/occlusions-4d

fork -- Revealing Occlusions with 4D Neural Fields (CVPR 2022) - Official Implementation

Primary LanguagePythonMIT LicenseMIT

Revealing Occlusions with 4D Neural Fields

Basile Van Hoorick, Purva Tendulkar, Dídac Surís, Dennis Park, Simon Stent, Carl Vondrick

Columbia University and Toyota Research Institute

CVPR 2022 (Oral)

Paper | Website | Datasets

This repository is aimed at publishing the PyTorch implementation underlying our attention-based continuous representation framework for dynamic scene completion.

Datasets

We contribute two large-scale 3D video datasets, GREATER and CARLA, which are described and visualized on our website.

Click here to access the already generated data that we actually used to train and evaluate our models. This step is necessary to succesfully run the commands below.
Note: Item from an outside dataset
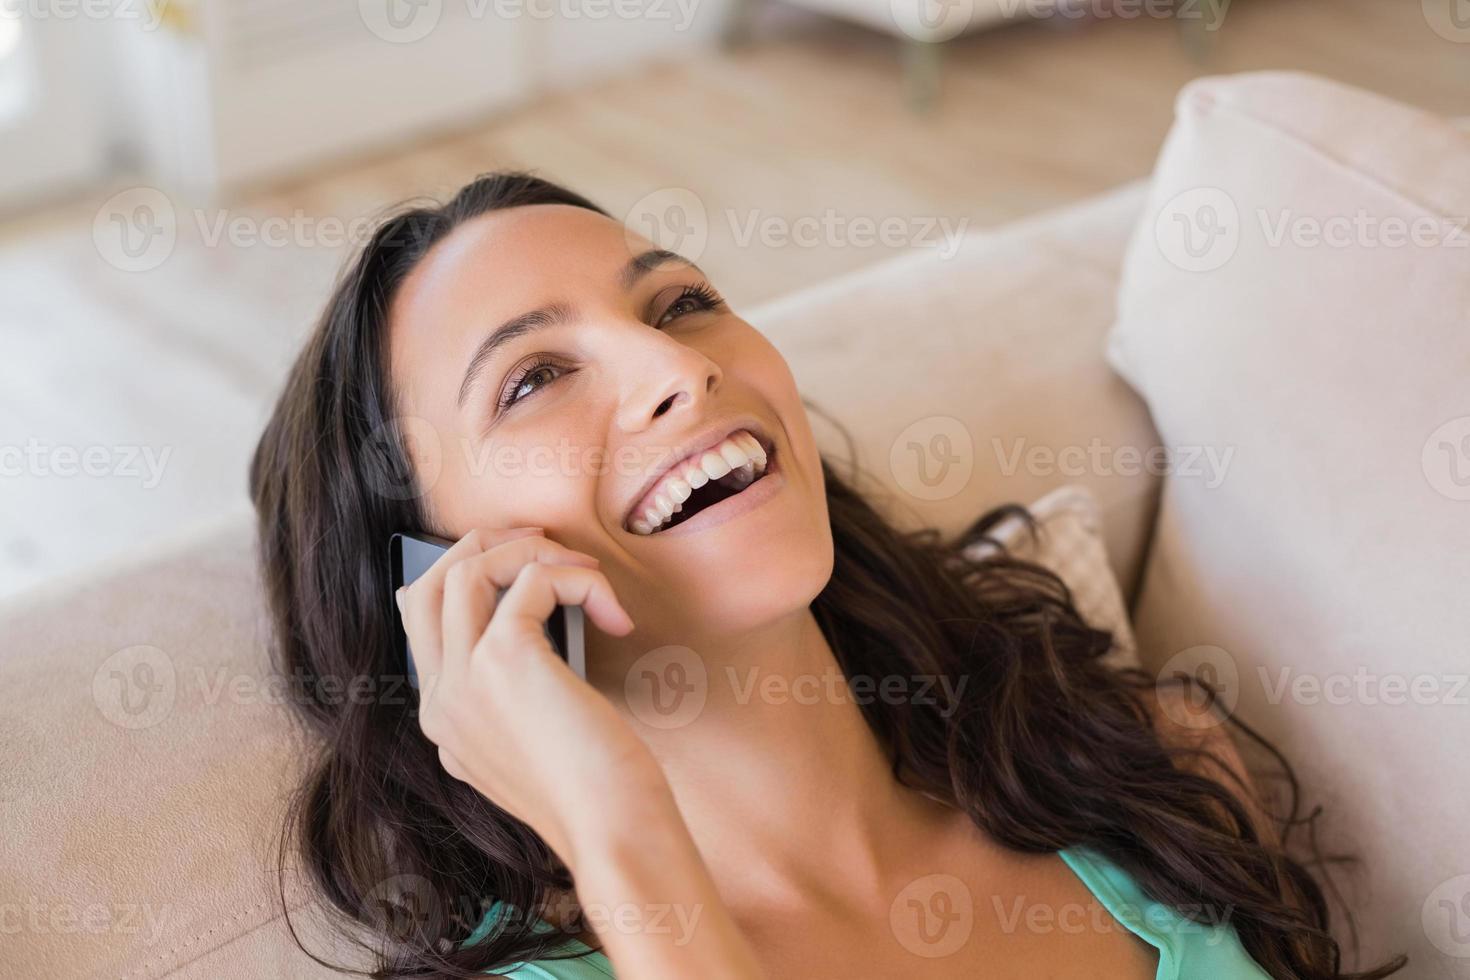 linda morena chamando com seu telefone celular foto

This repository contains the video generation code, which may be useful if you want to tweak the synthetic environments from which our datasets are sourced.

Usage

We use Python 3.7.13 and libraries imported in __init__.py.
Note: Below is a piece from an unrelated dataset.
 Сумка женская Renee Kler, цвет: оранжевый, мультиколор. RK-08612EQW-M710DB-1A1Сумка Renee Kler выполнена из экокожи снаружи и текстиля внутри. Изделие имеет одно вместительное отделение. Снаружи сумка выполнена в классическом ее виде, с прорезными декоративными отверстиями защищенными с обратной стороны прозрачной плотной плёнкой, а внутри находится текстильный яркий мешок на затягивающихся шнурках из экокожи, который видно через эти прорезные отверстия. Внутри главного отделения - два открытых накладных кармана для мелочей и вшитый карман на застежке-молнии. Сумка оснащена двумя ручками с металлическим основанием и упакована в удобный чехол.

The commands that we used to train our models are listed below.

For GREATER:

CUDA_VISIBLE_DEVICES=0,1,2 python train.py --name gv1 --num_workers 52 --data_path /path/to/greater/ --batch_size 3 --up_down_blocks 3 --transition_factor 3 --pt_feat_dim 36 --pt_num_neighbors 16 --pt_norm_type none --down_neighbors 12 --n_points 14336 --n_data_rnd 14336 --video_len 12 --frame_skip 2 --pt_cube_bounds 5 --cr_cube_bounds 5 --implicit_mlp_blocks 6 --local_implicit_mode attention --cross_attn_layers 2 --cross_attn_neighbors 14 --abstract_levels 1 --color_mode rgb_nosigmoid --num_epochs 20 --density_lw 1.0 --color_lw 1.0 --segmentation_lw 0.0 --tracking_lw 1.0 --point_occupancy_radius 0.2 --air_sampling_ratio 1.5 --point_sample_bias none --past_frames 4 --future_frames 0

For CARLA:

CUDA_VISIBLE_DEVICES=0,1,2 python train.py --name cv1 --num_workers 52 --data_path /path/to/carla/ --batch_size 3 --up_down_blocks 3 --transition_factor 3 --pt_feat_dim 36 --pt_num_neighbors 16 --pt_norm_type layer --down_neighbors 12 --n_points 14336 --n_data_rnd 14336 --video_len 12 --frame_skip 3 --pt_cube_bounds 20 --cr_cube_bounds 16 --cube_mode 4 --implicit_mlp_blocks 6 --local_implicit_mode attention --cross_attn_layers 2 --cross_attn_neighbors 14 --abstract_levels 2 --semantic_classes 13 --num_epochs 40 --density_lw 1.0 --color_lw 0.0 --segmentation_lw 0.6 --tracking_lw 0.0 --point_occupancy_radius 0.2 --air_sampling_ratio 1.4 --point_sample_bias low_moving_ivalo_sembal --sample_bias occl --oversample_vehped_target 1 --past_frames 4 --future_frames 0

The --data_path argument should point to a directory that contains the train and val folders, which should themselves contain each scene as a separate folder. The exact format differs between GREATER and CARLA, but the code will select the correct data loader from data/ accordingly.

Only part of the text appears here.